McGrath picked up the snapshot again and looked at it. “I gotta tell you, my wife sure don’t look nothing like that.”

“Each of us wanted the opposite to what we had. She wanted security, respectability, a settled life. Her previous relationships had been with drug addicts, criminals. Though the fact that I am the only offspring of wealthy parents didn’t hurt. Me, I was enjoying discovering — shall we say — a more sensual side of my nature...”

“Sounds perfect.”

“Oh, it was. For a while. Until after we were married. She tried, I’ll give her that. Tried to learn, to expand her interests. She gave up drink, drugs. Took care of me. But she was limited. So limited. The more she tried to learn, well, the more those limitations came to the fore. At first it was irritating. Then it was enraging...”

“Hey, I can sympathize...”

“I doubt it.
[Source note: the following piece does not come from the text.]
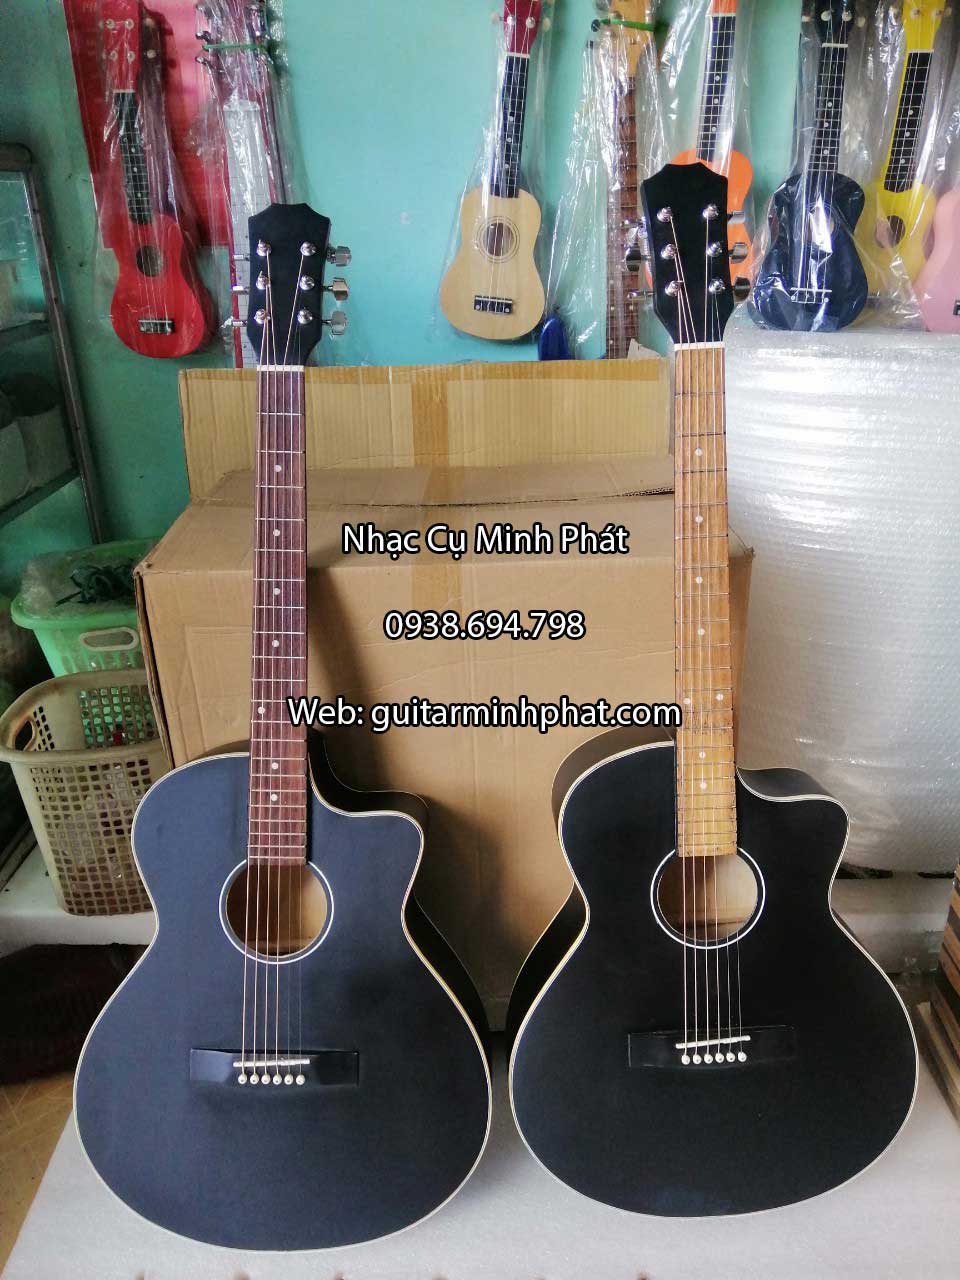 dan-guitar-acoustic-mau-den-co-ty-chong-cong-can-gia-re-sinh-vien (4).jpg

Time passed and I got so I could hardly stand to see her. She grated on me, like nails scraping a blackboard. And she used the word totally all the time. It was totally delicious, she was totally tired, the gas station attendant was totally creepy. Totally totally totally... I tried to tell her the effect she was having and she tried to stop. She did. But it was ingrained. One night I’d gone to my den to escape her constant jabbering. I was working on my samples. Did I tell you I’m an amateur geologist? Anyway, in she came and she started. I was totally insensitive to her needs. She was totally committed to our relationship. This had totally gone far enough. Totally totally totally. After I told her! So I picked up my sample hammer, swung it at her head.